S240, segmenting the query text according to the query segmenter to obtain a query index; and the participle granularity of the query participle device is coarser than the participle granularity of the write-in participle device.

S250, searching at least one log index matched with the query index, and selecting target log data from the log data according to a matching result.

Specifically, a first mapping relationship between the corresponding query index and each log index and a second mapping relationship between different matching results and different target log data may be established in advance. Correspondingly, based on the first mapping relation, corresponding log indexes can be matched according to the obtained query index, and at least one matched log index is used as a corresponding matching result; based on the second mapping relationship, the corresponding log data can be matched according to the obtained matching result, and the matched log data is used as corresponding target log data.

Illustratively, searching at least one log index matched with the query index, and selecting target log data from the log data according to a matching result may include: splitting the query index to obtain at least one query word; respectively searching the log indexes matched with the query words; and selecting the target log data from the log data corresponding to the matched log index.

The query word may be each word included in the query text.

Specifically, the mapping relationship between different query words and each log index may be established in advance. Correspondingly, based on the mapping relationship, the corresponding log indexes can be respectively matched according to the obtained query words. Because the log indexes and the log data are stored in association, the corresponding log data can be determined according to the matched log indexes. Correspondingly, the log data meeting the requirements can be selected as corresponding target log data by traversing all the determined log data.

It can be understood that the query index is split to obtain at least one query word, so that the corresponding query index can be further split into the at least one query word in the process of querying the corresponding log data, and the corresponding log index is further matched based on the query word, so that the condition that the matched log index is not accurate enough due to incomplete splitting of the corresponding query text index can be avoided, the fineness of the corresponding log index determination is effectively improved, and meanwhile, the accuracy of subsequently determining the corresponding target log data is improved.
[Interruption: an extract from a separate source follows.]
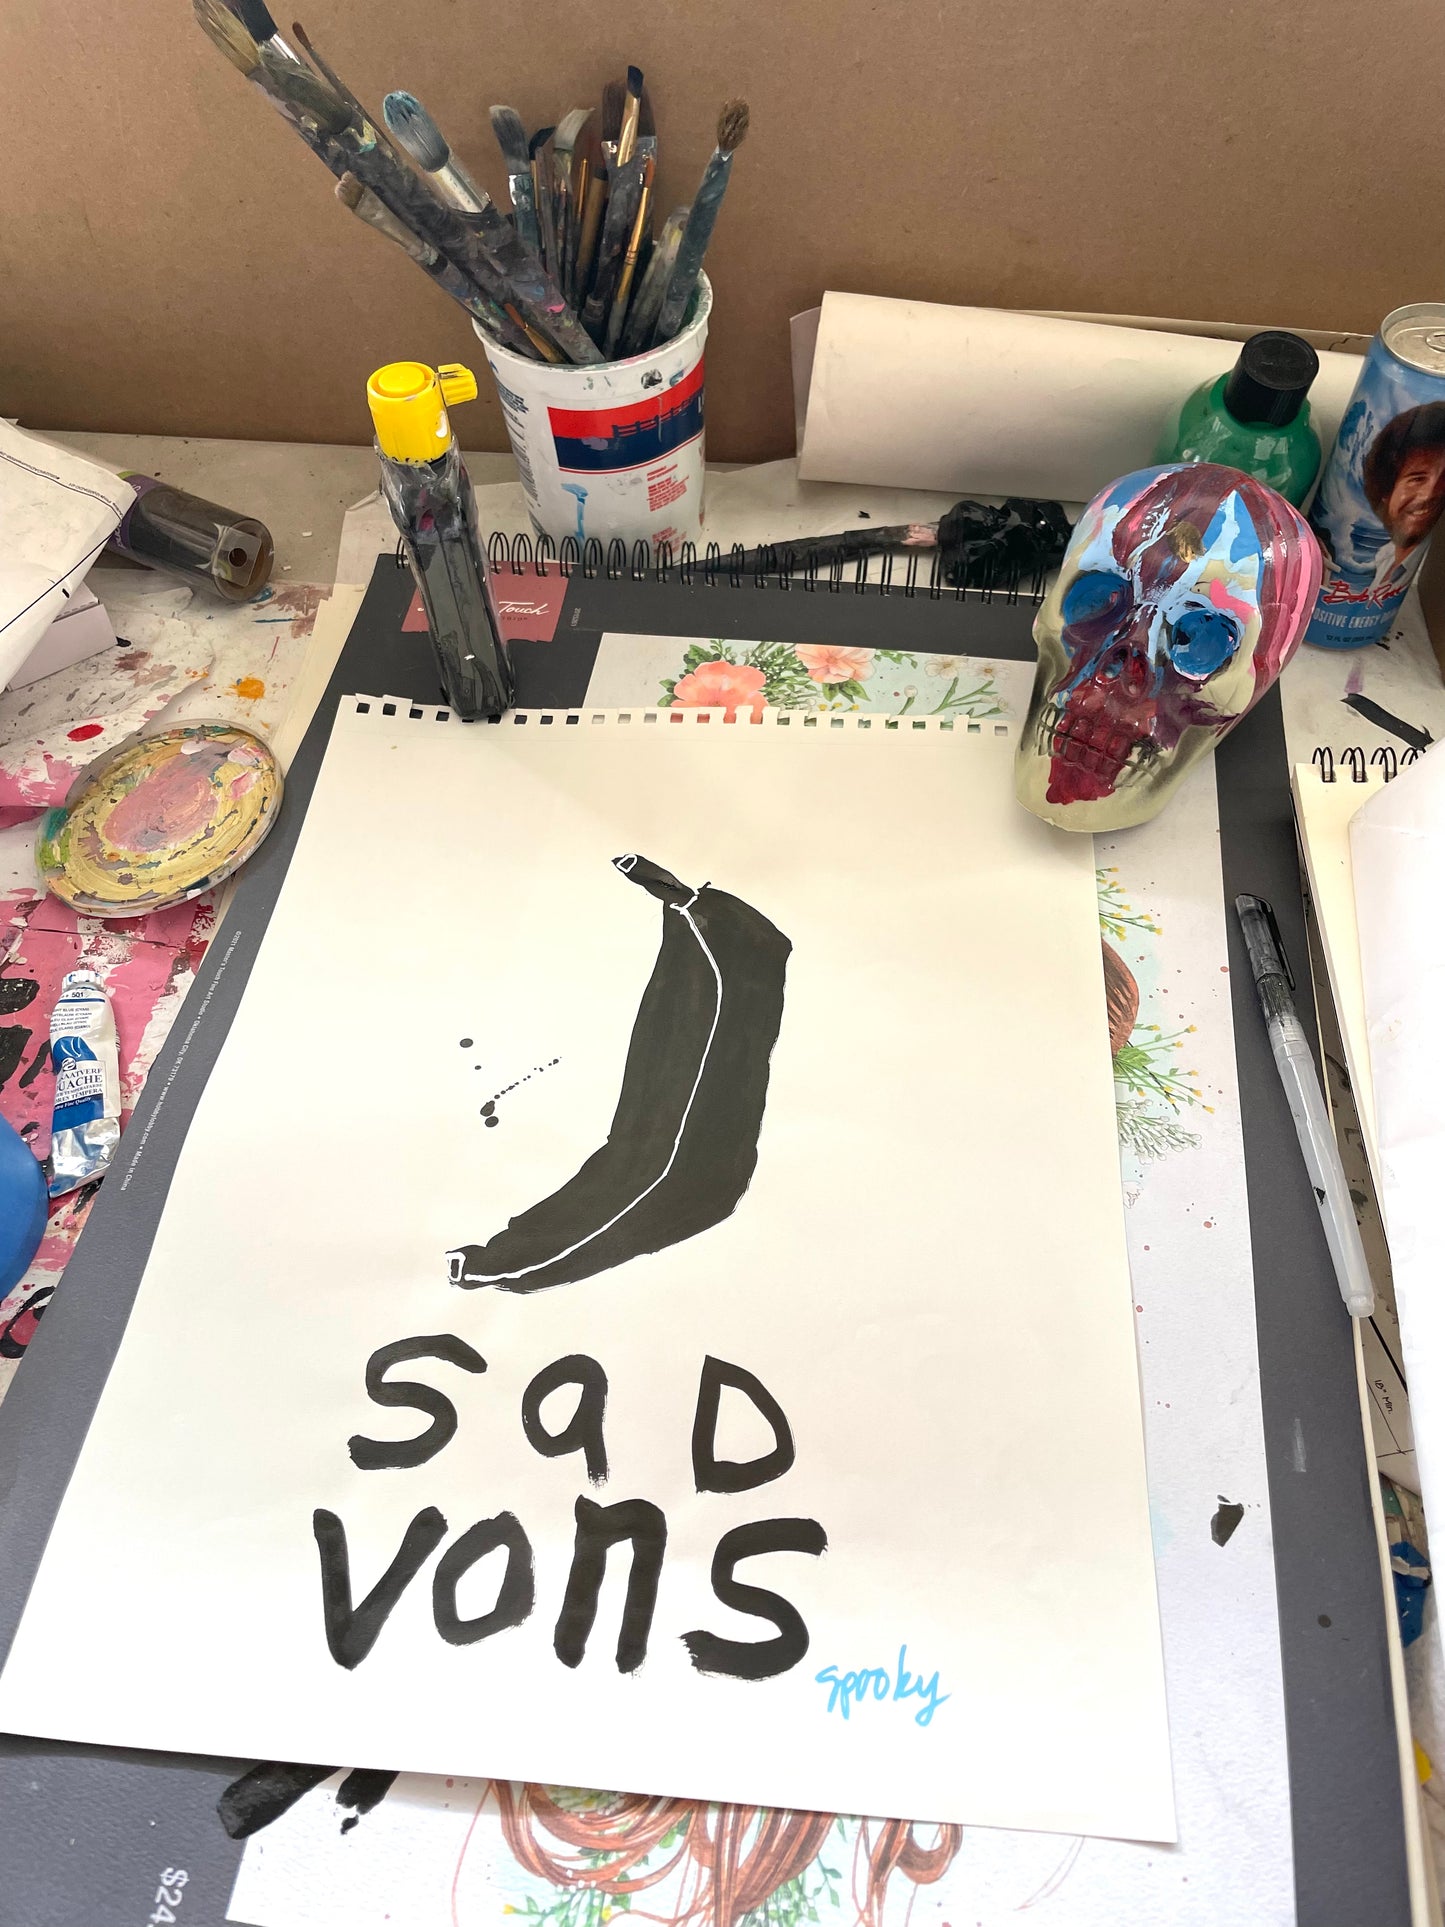 Sad Vons
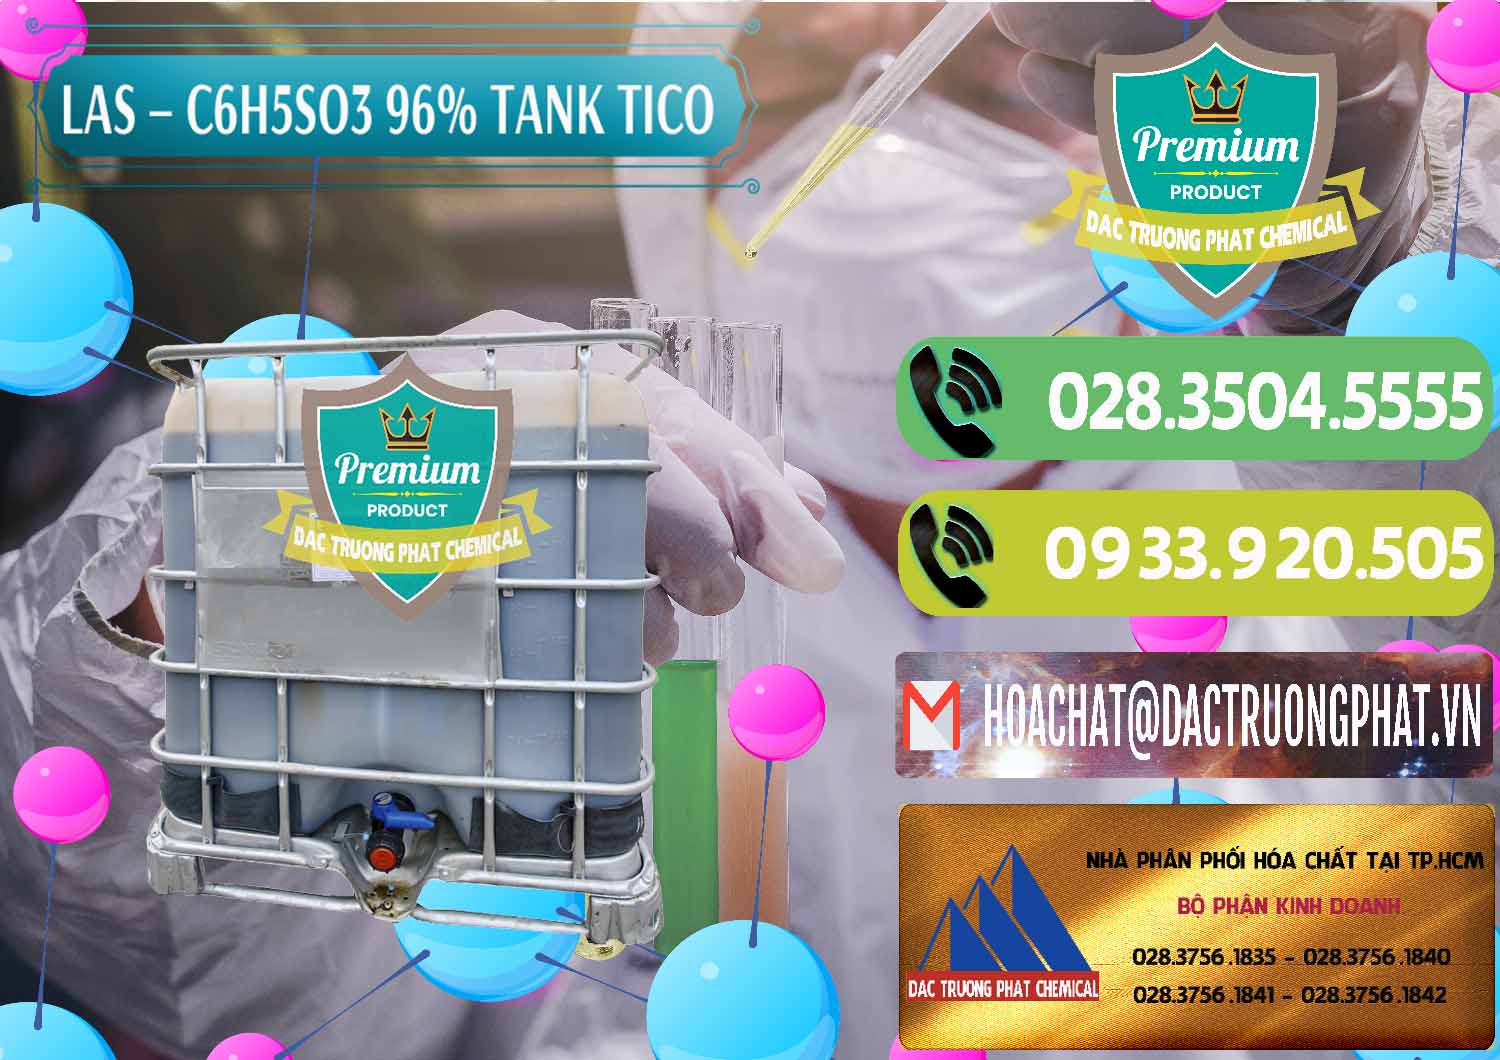 Cty kinh doanh & bán Chất tạo bọt Las P Tico Tank IBC Bồn Việt Nam - 0488 - Công ty bán và cung cấp hóa chất tại TP.HCM - hoachatmientay.vn

Illustratively, selecting the target log data from the log data corresponding to the matched log index may include: taking the log data corresponding to the matched log index as candidate log data; determining the matching degree of the candidate log data according to the matched log indexes in the candidate log data; and taking the candidate log data with the highest matching degree as the target log data.

Specifically, a mapping relationship between matching log indexes in each candidate log data and matching degrees of the corresponding candidate log data may be established in advance. Correspondingly, based on the mapping relationship, the corresponding matching degree can be matched according to the matched log indexes in the determined candidate log data, and the matched matching degree is taken as the matching degree of each corresponding candidate log data. Based on this, the determined matching degrees of the respective candidate log data may be compared, and the candidate log data with the highest matching degree may be taken as the corresponding target log data.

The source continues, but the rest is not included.